Article

Protecting AI embedding vectors by using approximate distance preserving encryption for RAG applications

Secure sensitive embedding vectors from reverse-engineering attacks while maintaining semantic search accuracy using distance-comparison-preserving symmetric encryption (DCPE) in Java

By Alex Soto Bueno

Step by step, our applications are starting to integrate with AI, either using public cloud large language models (LLMs), such as OpenAI or GPT -3, or on-prem models, such as IBM Granite.

But integrating with any model has some important things you must be aware of:

A model predicts the best possible answer, which doesn't mean it is the right answer; the model can hallucinate.
A model generates an answer using the data that data scientists trained it on. If the data used to train the model was 5 years old, it would produce answers to your questions using outdated information. Fine-tuning or retraining the model is possible, but it requires significant time and resources.
A model is trained with non-sensitive data, as sometimes you might have security reasons to keep the data private. Additionally, you might want to allow users to query the model with updated documentation without needing to retrain it each time.

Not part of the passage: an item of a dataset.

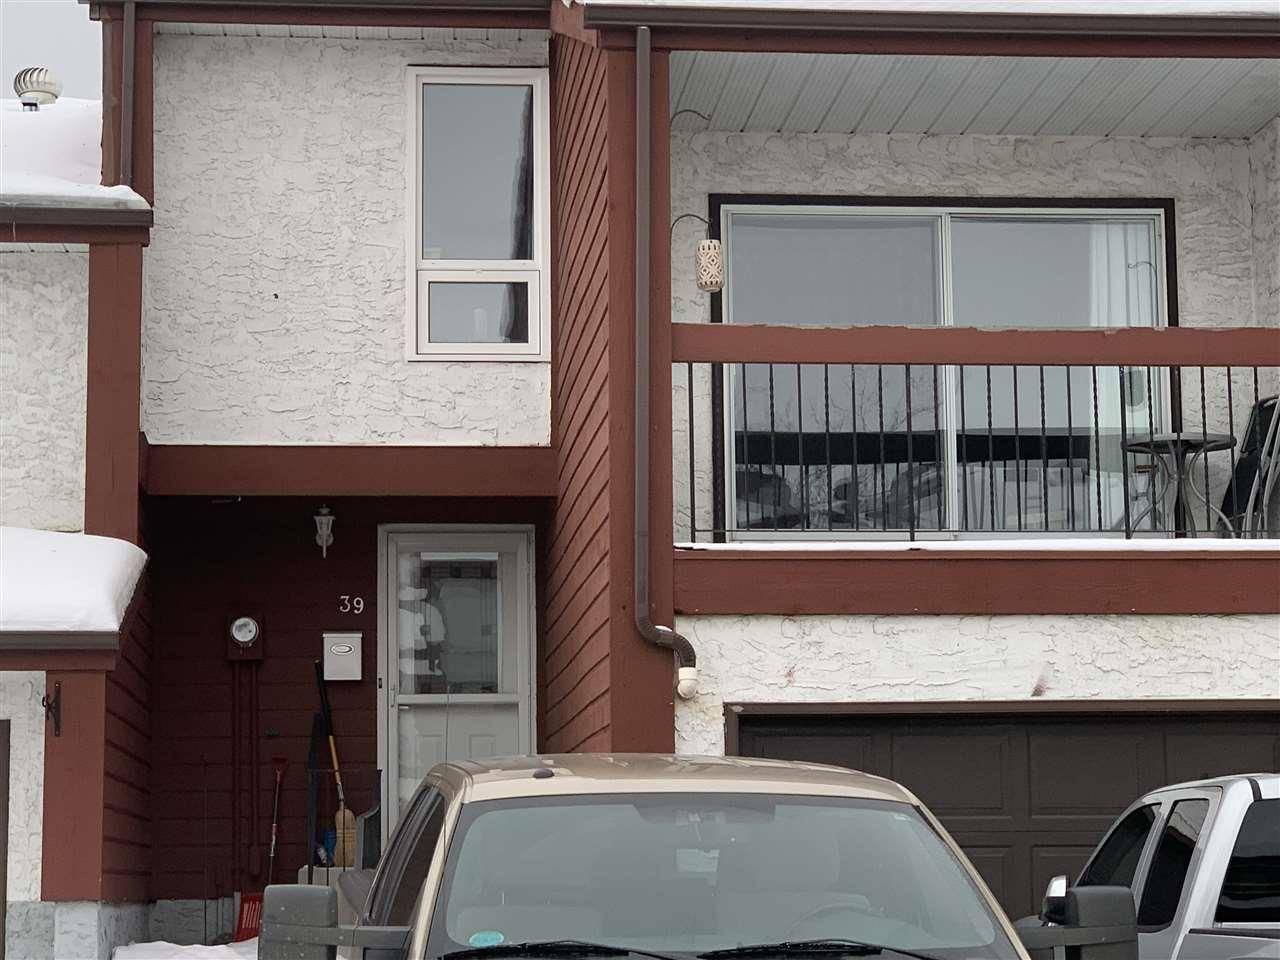 Townhouse for sale at 39 Lorelei Cs Nw Edmonton Alberta - MLS: E4186595

To address these issues, you can use the well-known retrieval-augmented generation (RAG) technique to enhance the model's context, enabling it to generate more accurate answers. RAG relies on embedding vectors to find the correct text or paragraphs for each question.

In this article, I'll explain one possible vector attack that can occur when using embedding vectors and how to mitigate it.

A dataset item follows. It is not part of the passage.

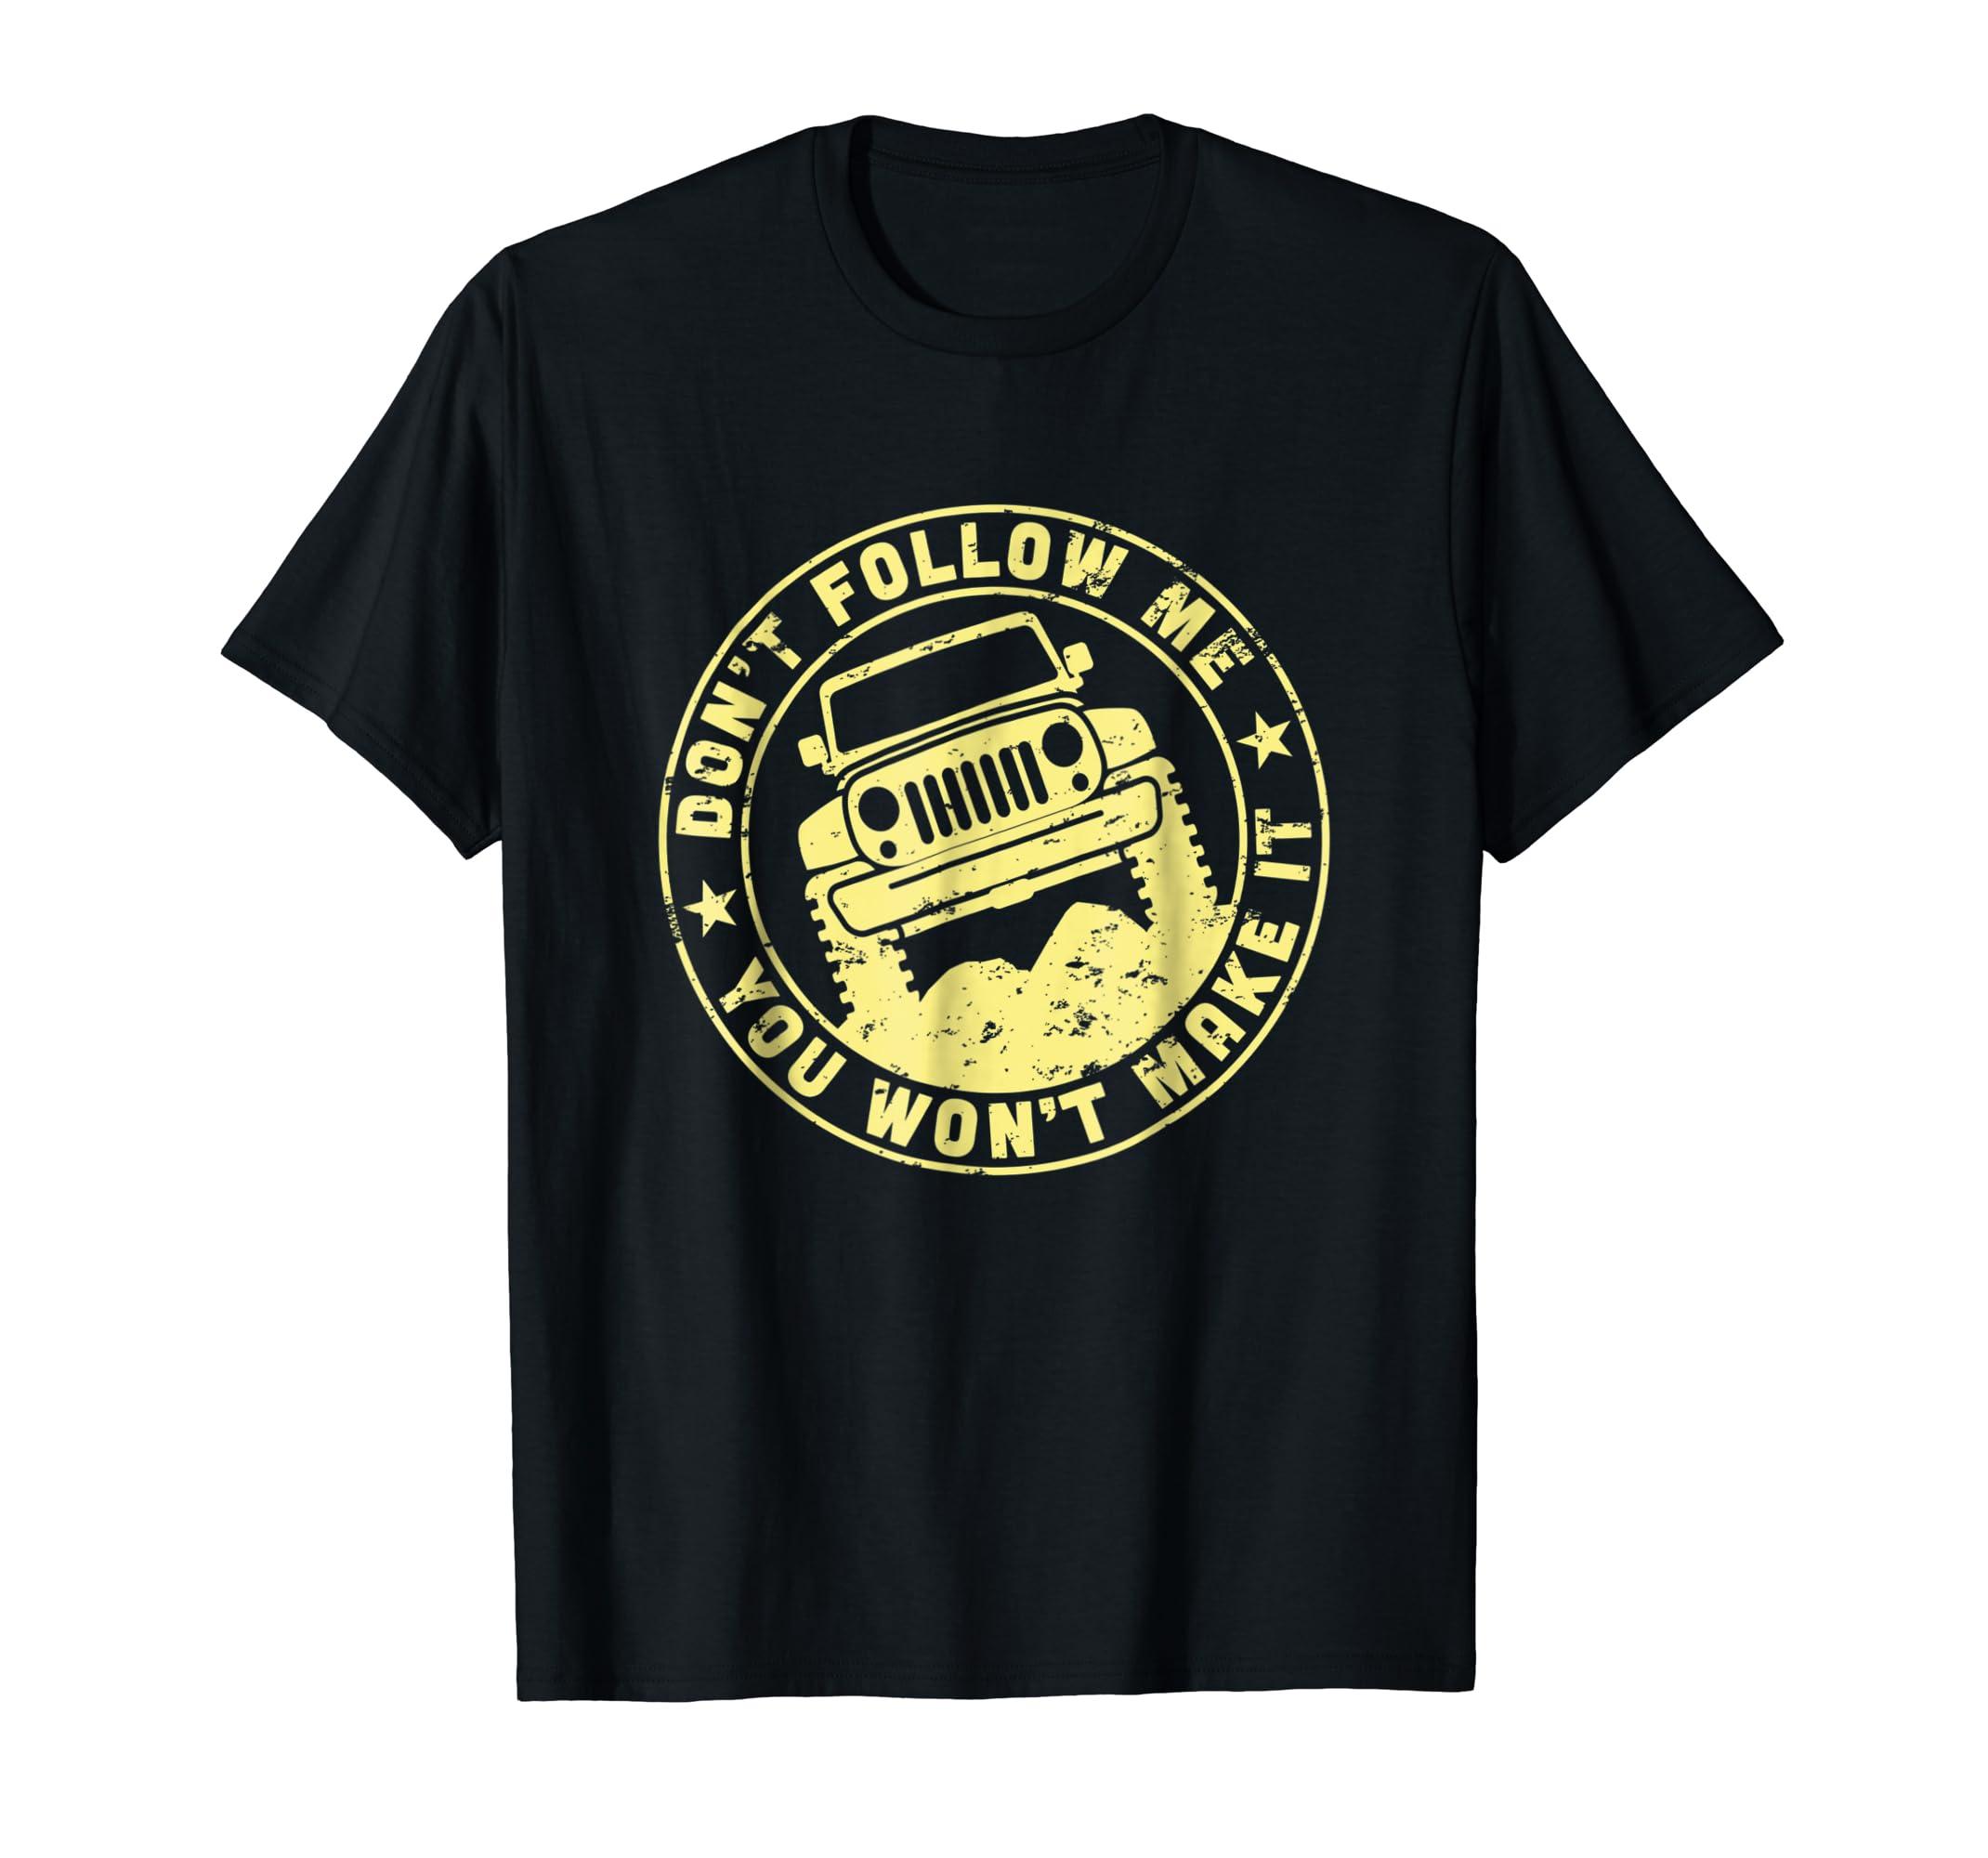 0c0507ff Amazon.com: Don't Follow Me You Won't Make It Jeep T-Shirt: Clothing

This article assumes that you have a good knowledge of embedding vectors and how to calculate them in LangChain4j. If you need a refresher, read this introductory article, "Calculating vector embeddings for semantic search and retrieval augmented generation (RAG)."

Security Treats

There is always a risk when using sensitive data, especially the risk of a data leak exposing it to untrusted users.

When using RAG, you store three elements in the vector database:

The embedded vector, which is a float array representing the semantic meaning of the text.
Metadata information, which is configured at ingestion time.
The text used to calculate the vector.

Of these three elements, you probably identified two as potentially sensitive when stored in the data store. The first one is the metadata, and the second one is, of course, the text.

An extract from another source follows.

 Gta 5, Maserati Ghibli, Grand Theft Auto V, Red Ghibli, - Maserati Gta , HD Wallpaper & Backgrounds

Suppose either of these two elements contains sensitive data, not just passwords, but also confidential information about a company or a person. In that case, the natural answer is to store this data encrypted in the data store. Nothing different from any other traditional data store.

However, there is a third part in the equation: the embedded vector, which you calculate from the text using an embedding model.

The first thought about vectors is that they do not contain sensitive data, since they are collections of numbers that reflect the semantic meaning of a word or a sentence.

Embedding a text

And while that's true, the problem lies in the existence of reverse-embedding models, which can translate an embedding into the original text or a sufficiently close text.

Reverse embedding to text

So, suppose an attacker gains access to the data store and obtains the embedding vector. Since it is not encrypted, they might use a reverse-embedding model to retrieve the original text and access confidential information.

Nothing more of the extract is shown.